::: Raw data :::
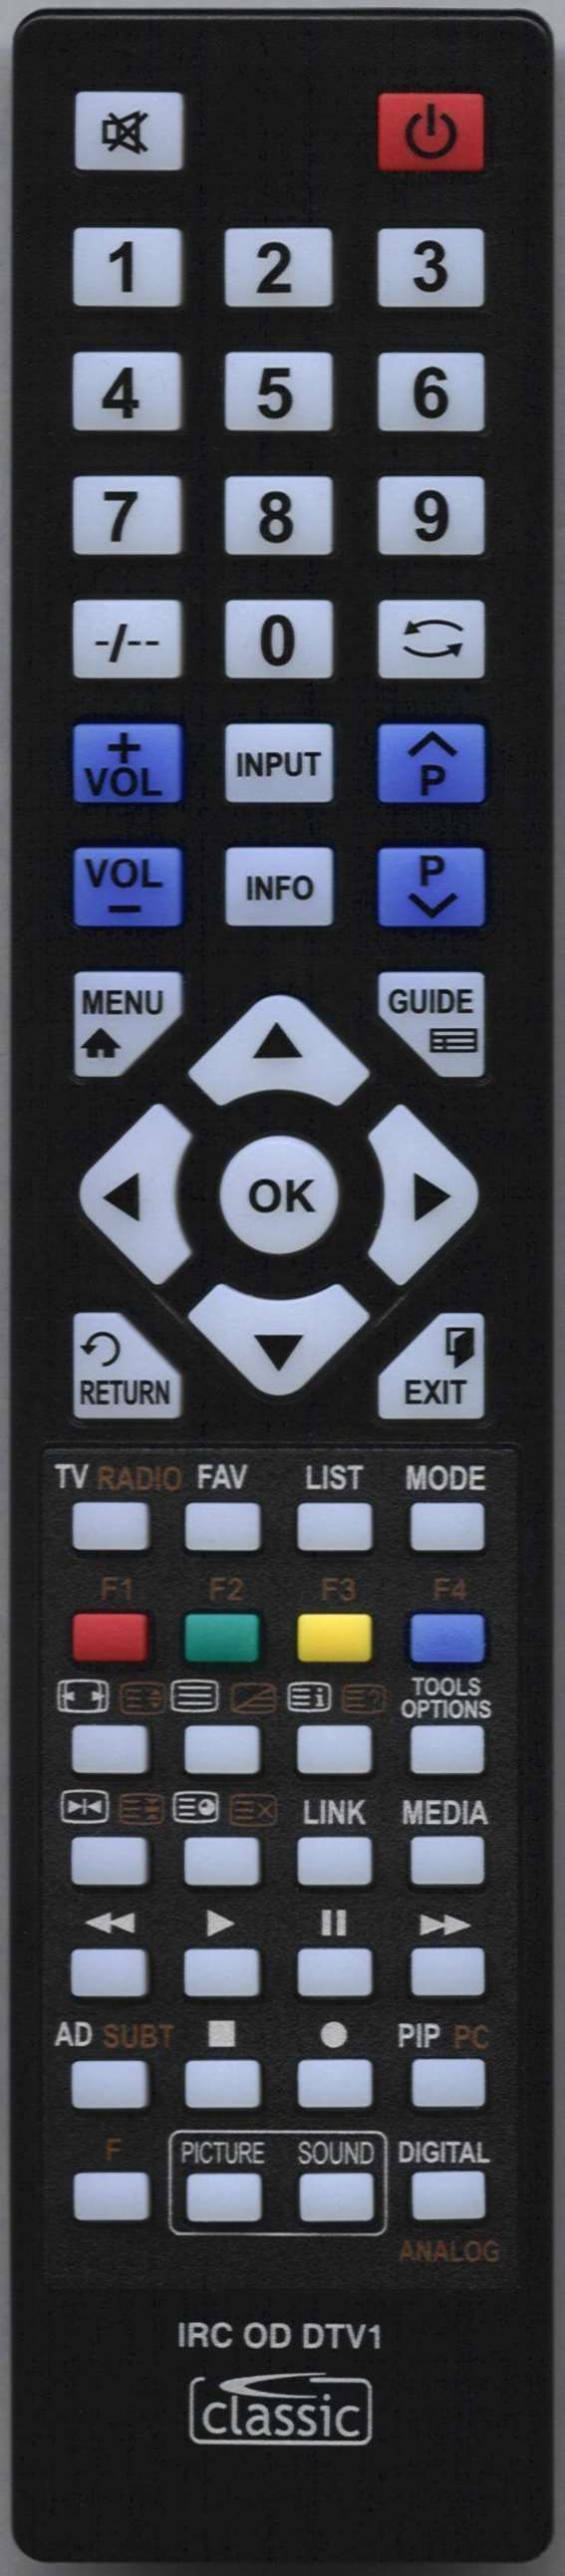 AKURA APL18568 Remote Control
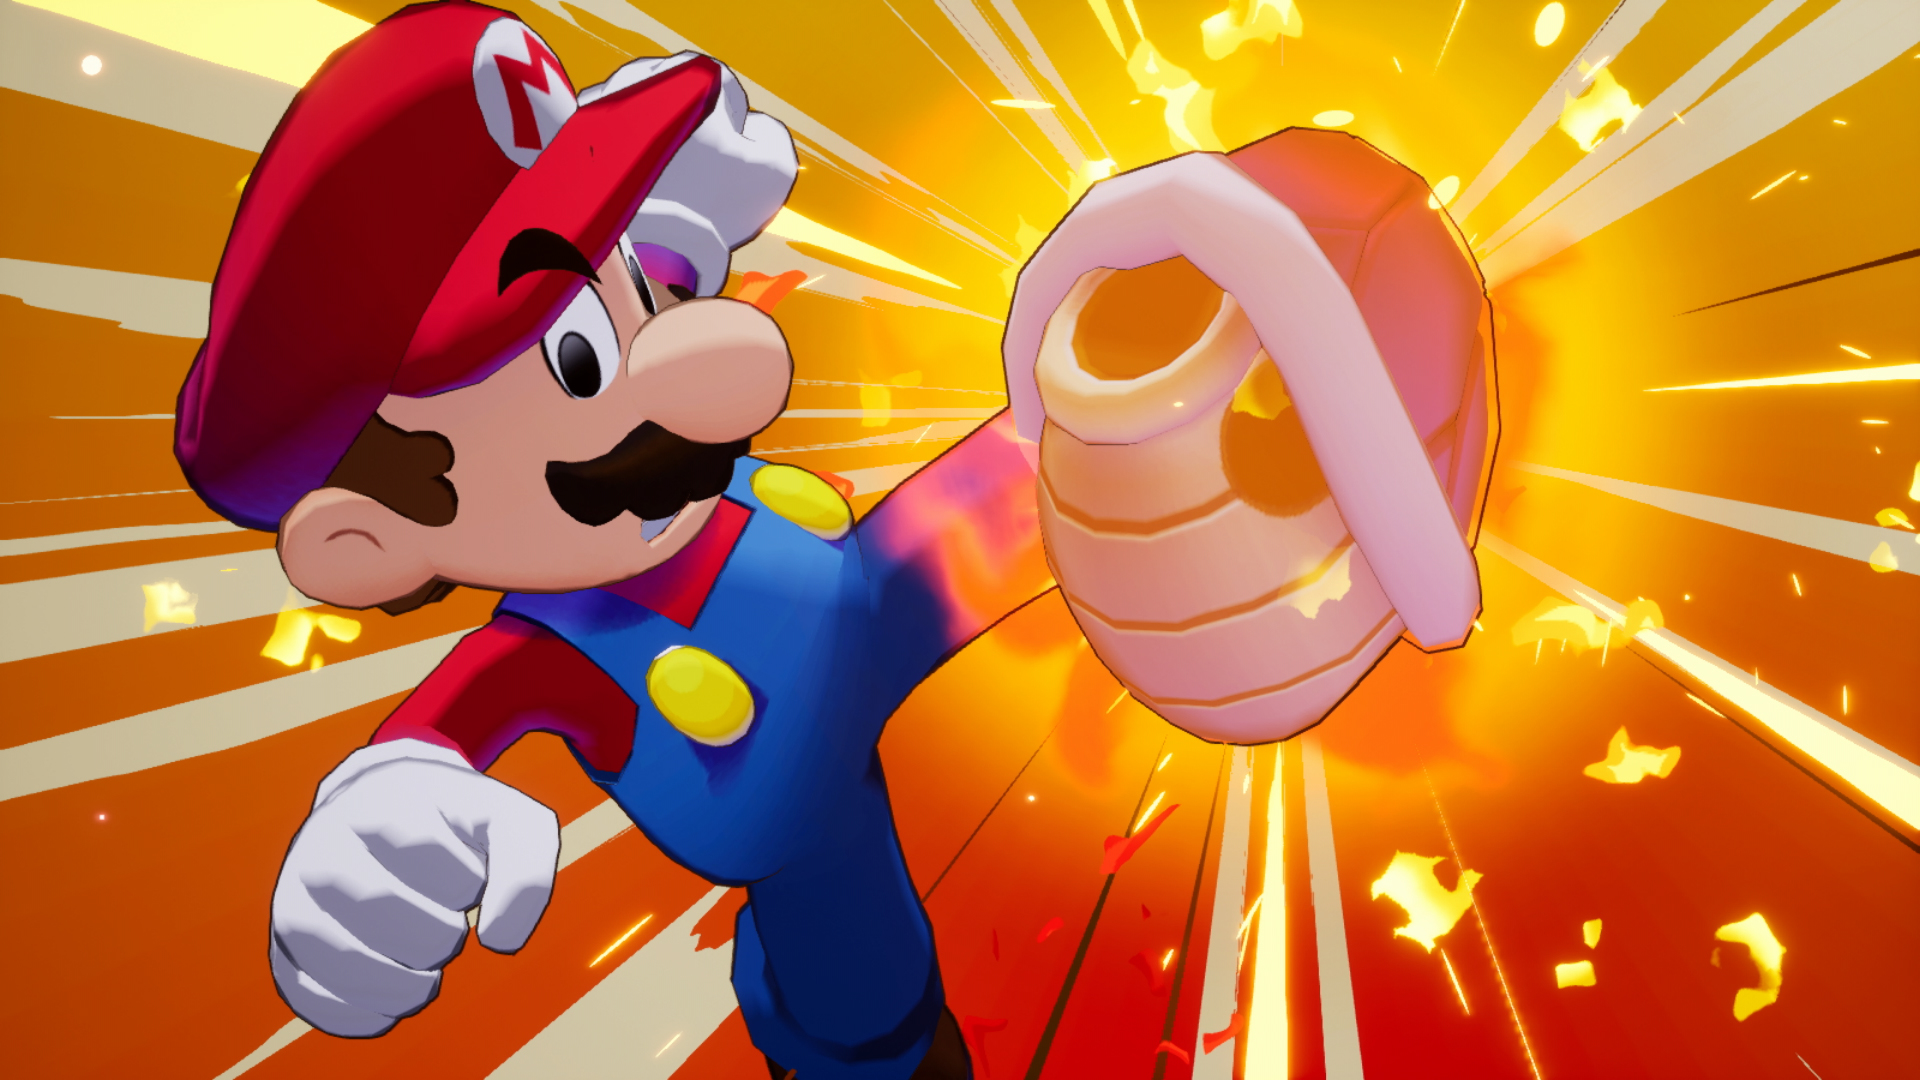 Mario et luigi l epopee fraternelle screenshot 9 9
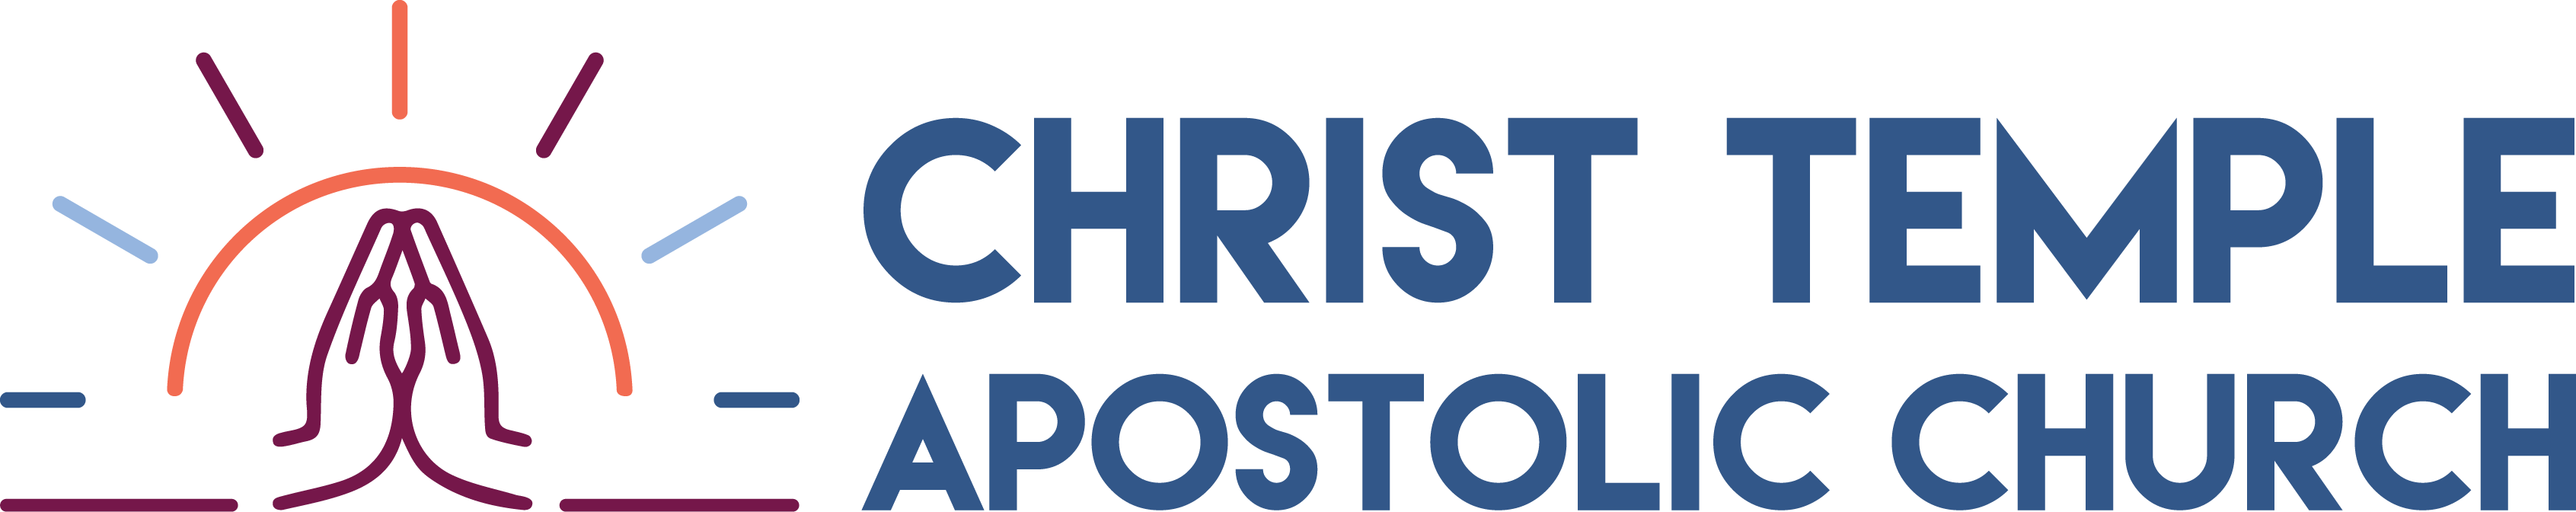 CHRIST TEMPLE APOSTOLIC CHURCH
:::
# Assignment
Output only the lines that run from the line containing "Mario et luigi" to the last line of the data, exactly as they stand and without pictures.

# Answer to the exercise
 Mario et luigi l epopee fraternelle screenshot 9 9
 CHRIST TEMPLE APOSTOLIC CHURCH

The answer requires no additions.